Заговори меня, заговори, не дай мне вставить слова в монолог твой, и буду я безмолвный интурист, а ты – мой чичероне. И неловко не чувствую себя, когда молчу: я слушатель, я суть запоминатель, я – выбор твой из мыслей и из чувств той истины, которую Создатель не вкладывает в слово, что еси ритмокамланье, звукосочетантство, произнофарисейство на фарси, полисемейство новоханаансте…
Я тишина. Со мною тяжело. Понять такую – вечную, как камень – и о него волной – твой монолог – и не пытайся. Мхами и стихами на камне нарисуешь свой узор, но суть его и тяжесть не затронешь.
…Веди меня за руку в разговор – в кунсткамеру свою, мой чичероне.
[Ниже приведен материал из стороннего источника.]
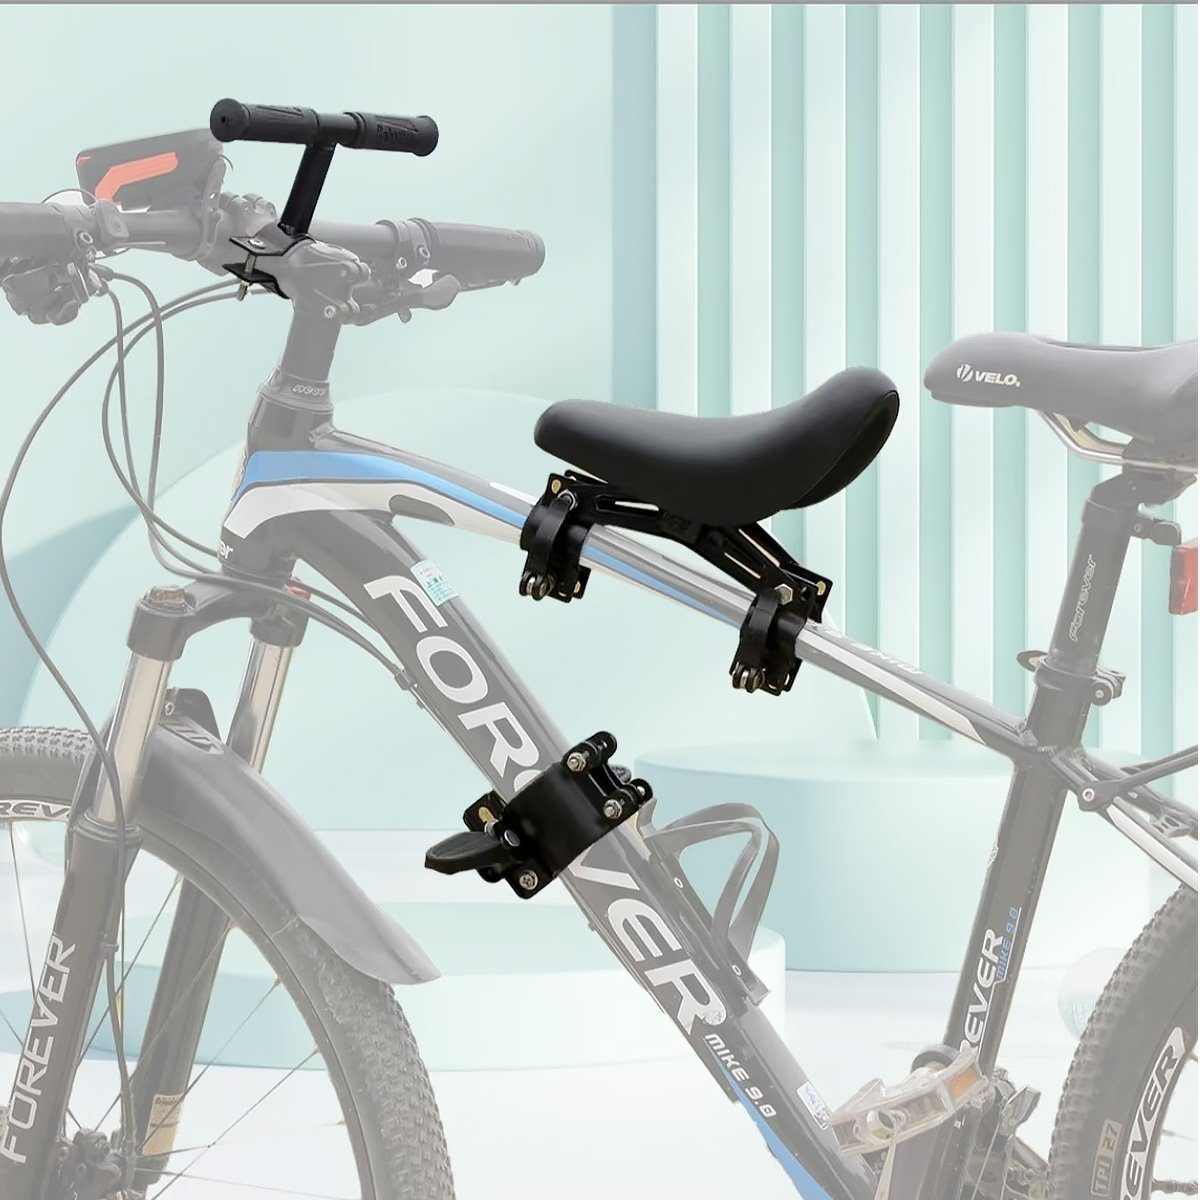 MidGard Fahrradkindersitz für Befestigen vorne am Rahmen, Kinder-Fahrradsitz mit Lenkergriffe

Там заспиртован смысл, и за стеклом нашит гербарий редких эрудиций, там, вытертый от пыли, каждый том энциклопедий, каждая страница сияет. И безмолвные глаза мои к ним тянутся, но в миг принятья всё исчезает, как шумливый сад из памяти глухих – свои объятья развёртывает миру тишина и, спеленав их в байковые пледы, баюкает слова… В их детских снах и есть ответы. Все мои ответы.
* * *
Лопе-де-вежская пуща плаща и Шпаги (не путать со штангой – тяжеле Та). Лучше всякой бумаги прощает Ныне всемирка нам всё. Неужели
Жизнь отличается столько от писем, Как трудодни от работ Гесиода С той же проблемой? Ужели на жизни, Плащ расстелив, отдохнула природа?
Сверхблагородство в вопросах морали, Сверхпозолота в словах. И на деле Проще всего побывать гениальным, Если пойти умереть на дуэли
В чате от типа под ником Дантес и Тут же отправиться в рай к Беатриче. Той, что при жизни посредством процесса, Производящегося без различий
Лиц, золотит себе нимб. Обещай мне Тоже не путать мой рай и спасенье Мною. И прячься за краем плаща, не Веря признаньям Собаки-на-сене.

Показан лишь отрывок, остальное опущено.